Россияне, похоже, меняют потребительские стереотипы: мы начинаем экономить, меньше смотреть на бренды и думать о престиже. Сберегать, правда, еще не научились. Но если научимся, многим еще придется об этом пожалеть.

Сбережения или честь

Планы правительства и планы народа не часто бывают так схожи, как сейчас. Прогнозируя в 2014–2016 годах экономический рост на 3% (в базовом варианте), Минэкономразвития рассчитывает как на рост реальных доходов населения (в среднем на 3,2% в год), так и на дальнейшее сокращение его склонности к сбережению. Доля доходов, что идет на эти цели (см. график 1), должна снизиться с 10,1%, «ожидаемых в 2013 году», до 8,5%, а оборот розничной торговли, наоборот, вырасти на 4%.

Население следует этим ожиданиям: исследование потребительского поведения, проведенное Boston Consulting Group (BCG), показывает, что 78% направляют на сбережения менее 10% доходов, а 31% не сберегает ничего. Еще год назад таких граждан, по подсчетам BCG, насчитывалось всего 68%, в том числе 24% живущих от зарплаты до зарплаты.

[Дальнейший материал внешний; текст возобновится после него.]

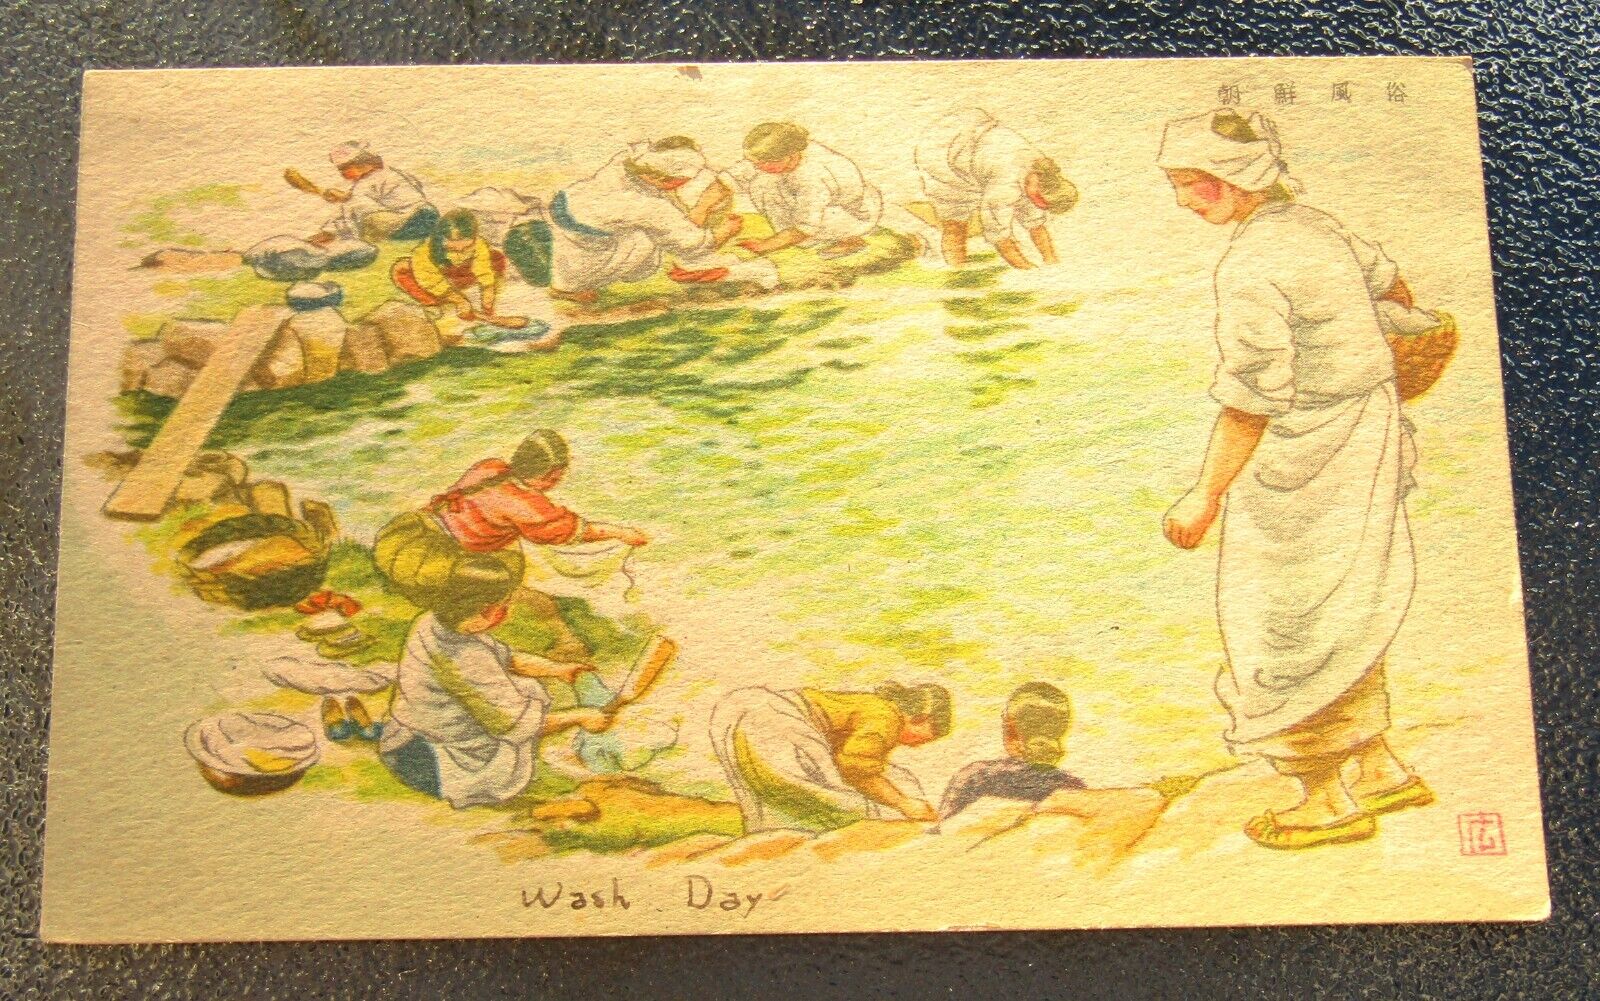 1945 Japanese Postcard Titled Wash Day Given To American Soldier At Surrender

Конечно, возможны колебания: например, МЭР в своем мониторинге социально-экономического развития отмечает, что «доля сбережений (без учета валюты) выросла с 8,4% в январе—июле 2012 года до 9,3% в январе–июле 2013 года». Да и Сбербанк в сентябрьском Индексе финансовых настроений (эти настроения для него ежемесячно замеряет «Левада-центр») фиксирует, что привлекательность текущих сбережений в глазах населения немного выросла. Это, впрочем, не более чем «следствие традиционного пессимизма» сельских жителей, которые не верят в рост своего благосостояния.

Большинство же граждан РФ озабоченность будущим (77%) довольно успешно сочетают с оптимизмом (70%). Который, правда, не влияет на ожидания экономического роста ни в ближайшие 12 месяцев (его ждут 24%), ни в ближайшие несколько лет (21%). Но и падение своих доходов предвидят только 19%. «Мы не видим глубокой озабоченности завтрашним днем. Россияне уникальны: нам не нравится то, что мы видим сегодня, зато мы верим в светлое будущее,— констатирует директор BCG Иван Котов.— Людям пришлось пережить довольно много потрясений. С другой стороны, все понимают, что российская экономика держится на нефти, нефть пока ценится, поэтому нет практической боязни за завтрашний день, и люди тратят больше».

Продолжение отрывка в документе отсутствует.